▸ **Task details**: The reply is a verbatim copy of the listing below with its images dropped.

▸ **Data extract**:
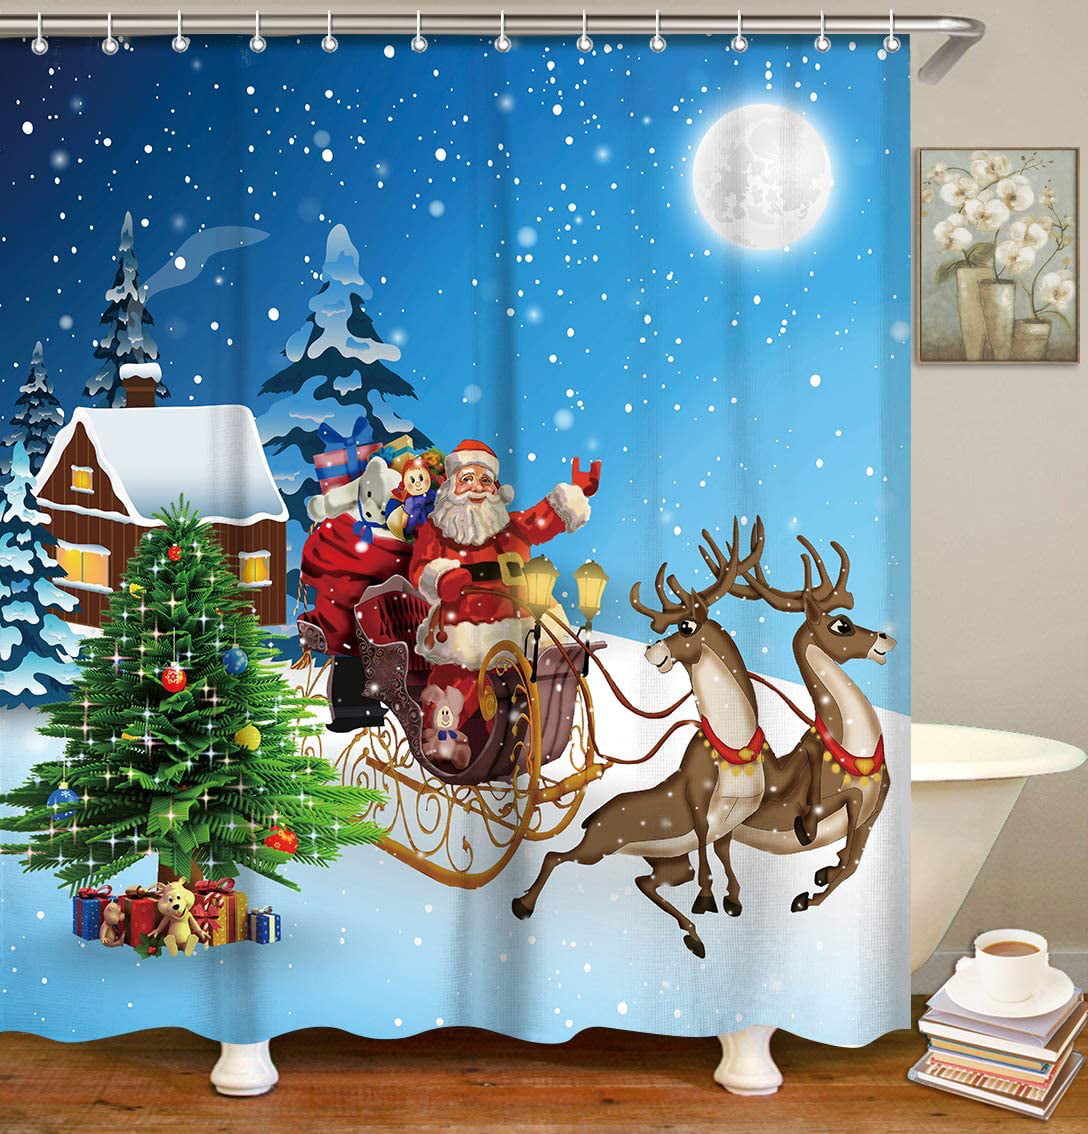 72 x 72 Inches Merry Christmas Shower Curtain,Cute Cartoon Santa Claus Bath Curtains with Hooks for Bathroom Decor,Xmas Decoration
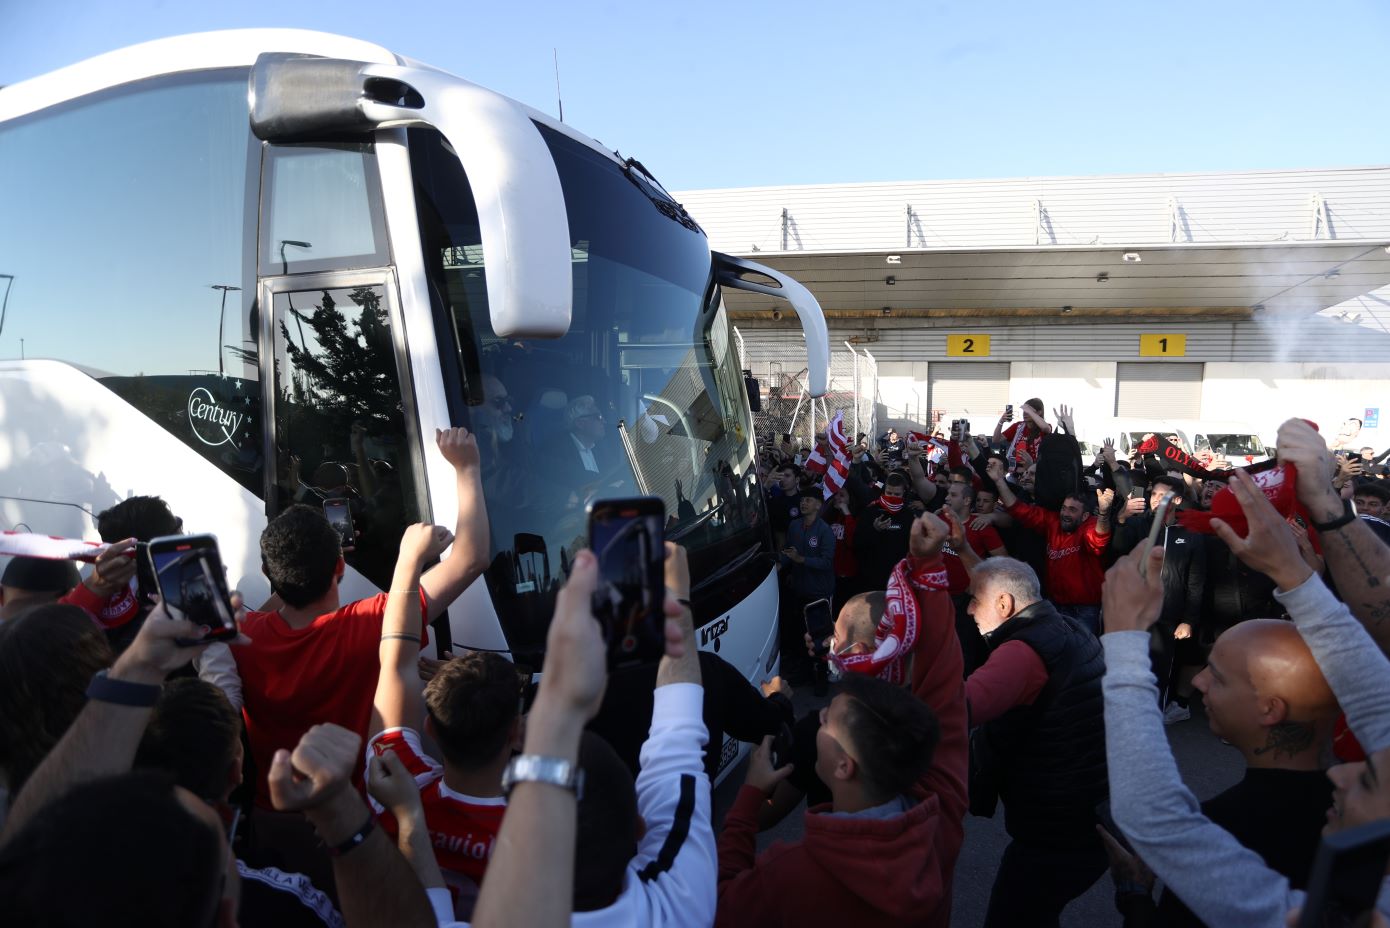 Μετά τον θρίαμβο η αποθέωση &#8211; Οι οπαδοί υποδέχτηκαν την αποστολή του Ολυμπιακού στο αεροδρόμιο
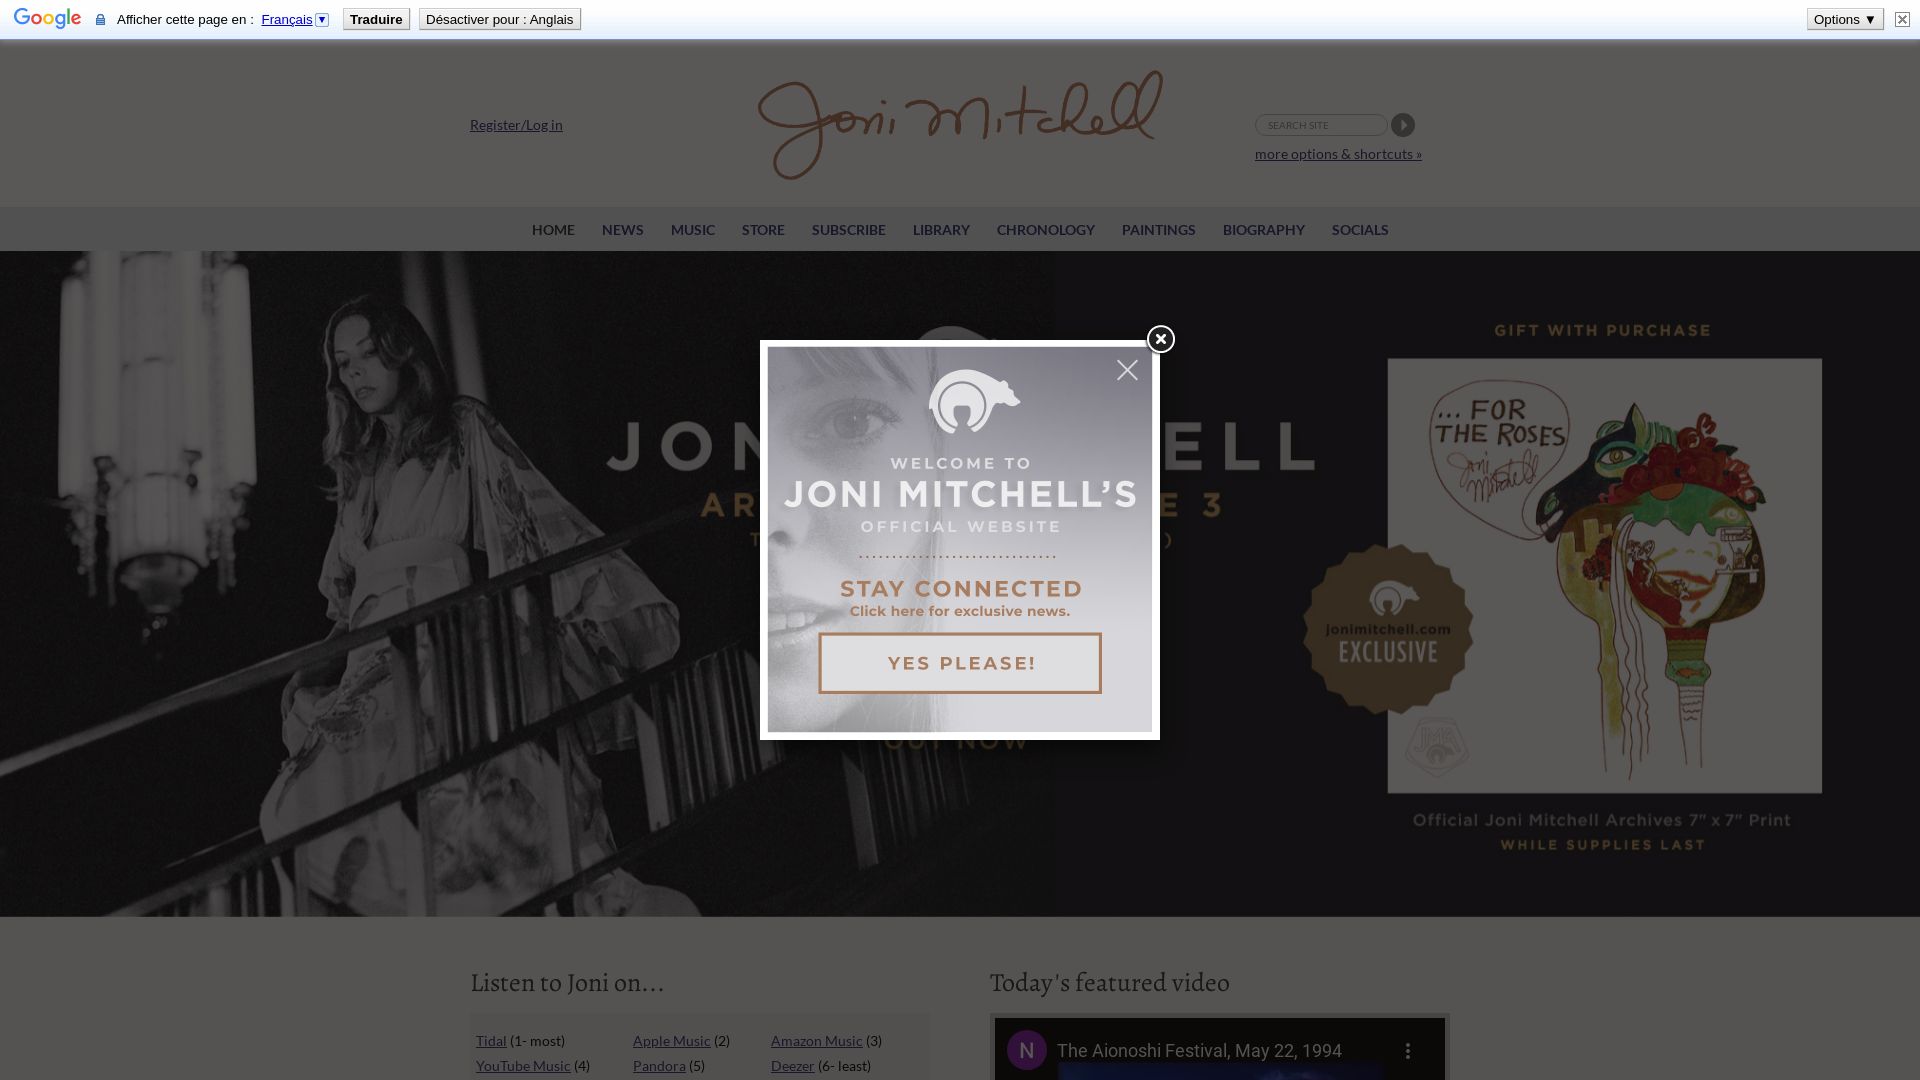 Stato del sito web jonimitchell.com è   ONLINE

▸ **Written answer**:
 72 x 72 Inches Merry Christmas Shower Curtain,Cute Cartoon Santa Claus Bath Curtains with Hooks for Bathroom Decor,Xmas Decoration
 Μετά τον θρίαμβο η αποθέωση &#8211; Οι οπαδοί υποδέχτηκαν την αποστολή του Ολυμπιακού στο αεροδρόμιο
 Stato del sito web jonimitchell.com è   ONLINE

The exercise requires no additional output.